Wednesday, February 23, 2005

After you..No, After you...No please, I insist After you

Bob: Did you know that some people in Europe don't like us Americans?

Bill: Yeah of course.

Bob: Do you know why?

Bill: Well sure. They don't like how cocky we are. How we police the world. Behave hypocritically in our trade policies.

Bob: Yeah those are some of the reasons. There are lots more but those are some of the ones that most people think of.

Bill: Of course.

Bob: Well another thing you might not have known is that they don't like our exchange rates policy.

Bill: Our what?

Bob: Our Exchange rate policy. It is the policy on which we base our decisions that affect the value of our currency, the dollar.

Bill: Yeah, I have heard of this. Some groups in Europe, namely exporters, have been irked with the US because our dollar has been losing ground against the Euro.

Bob: Right again Bill. When our dolllar gets weaker against the Euro, European exporters get upset because their prices look really high when compared to the prices of goods sold for dollars. So then they won't sell as much and their economy is in result kind of sluggish.

Bill: So they are mad at us for having a weak currency?

Bob: Yup. But this is the problem it isn't our fault.

Bill: Then whose fault is it?

Bob: It is theirs Bill...It is their fault. Let me explain.

See our formal policy on currency valuation and exchange rates is that we have no formal policy. We have what is called a "fully-automatic" or free floating exchange rate. It is affected by a number of things in our economy that are too numerous to list. Most of these are things over which we hold no direct control. They just happen to be performance stats on our nation economically.

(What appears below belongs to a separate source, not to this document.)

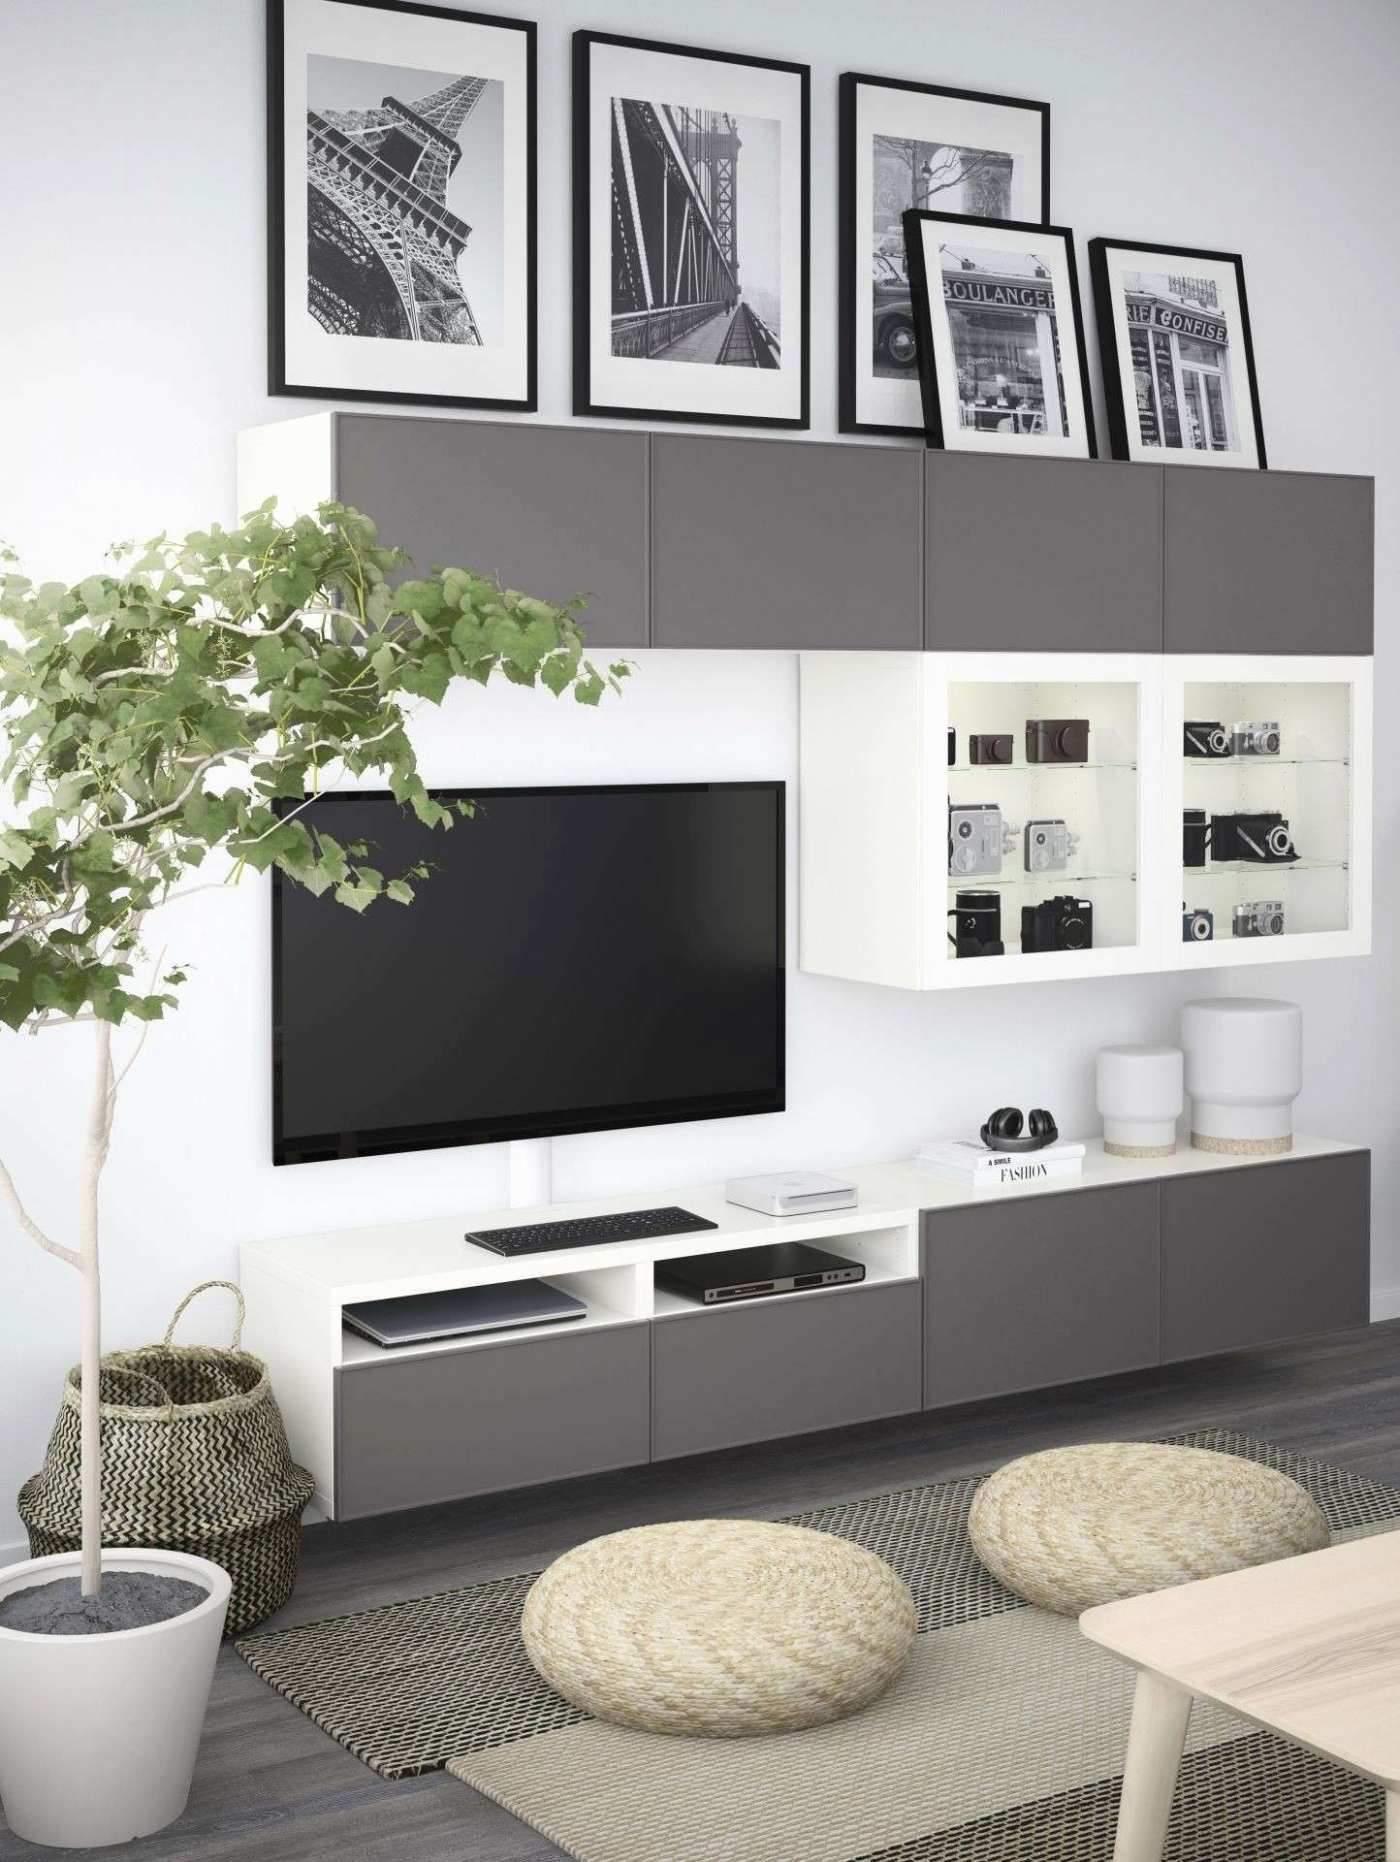 dekoration wohnzimmer frisch 55 genial deko ideen selbermachen wohnzimmer neu of dekoration wohnzimmer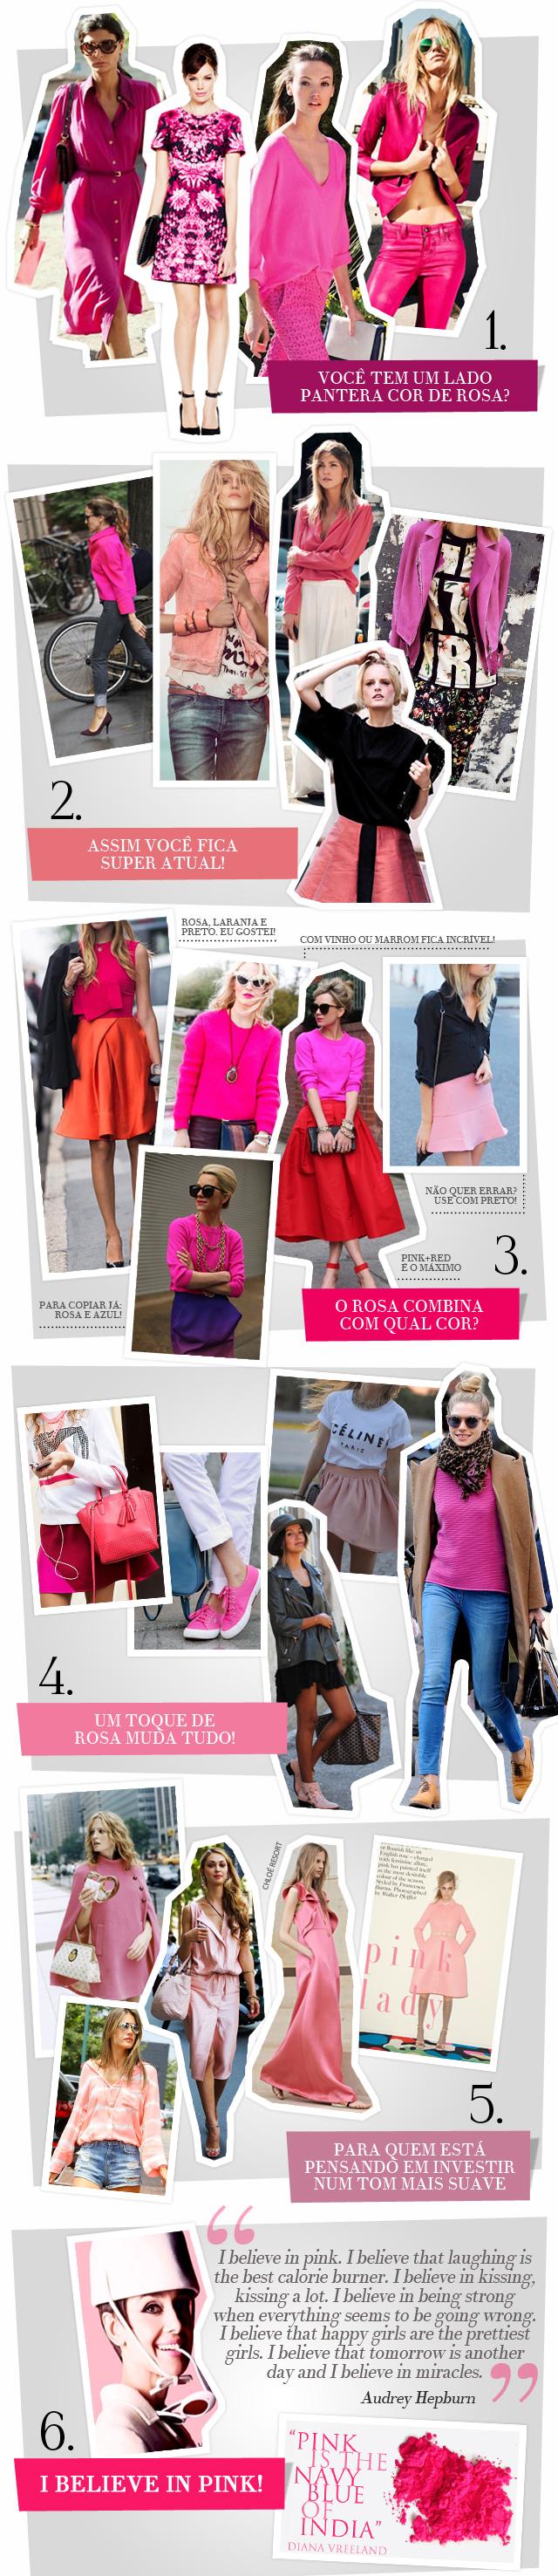 blog-da-alice-ferraz-viva-a-vida-cor-de-rosa (1)

Bill: So wait! I get what your saying we cannot change anything dramatically to change the value of the dollar.

Bob: Right. Well...kind of. We can try not and run huge budget deficits but that is another story. There is a much simpler and logical solution.

Europe can lower their interest rates. It is perfect. Some of their biggest problems are not that our dollar is too weak its that their euro is too strong. Other problems include high unemployment (10% approx while the U.S. is mildly happy with 4%) and generally sluggish economic growth. Interest rates going down would fix all of that.

Bill: Ok, so your telling me you have solved Europe's economic crisis with three words...low interest rates? Nobody thought of this before you?

Bob: Of course others have thought of it.

Bill: So why don't they do it?

Bob: Well Bill, they are scared....scared of inflation. Which is understandable considering their past but it does not give them the right to try and coerce us into changing our currency policy because they are too scared to fix theirs.

Bill: Hmm, So they could solve their own problems without ever complaining to us? Sounds good to me.

Bob: Me too Bill...me too.

:: End Convo

Just thought I would try that format out.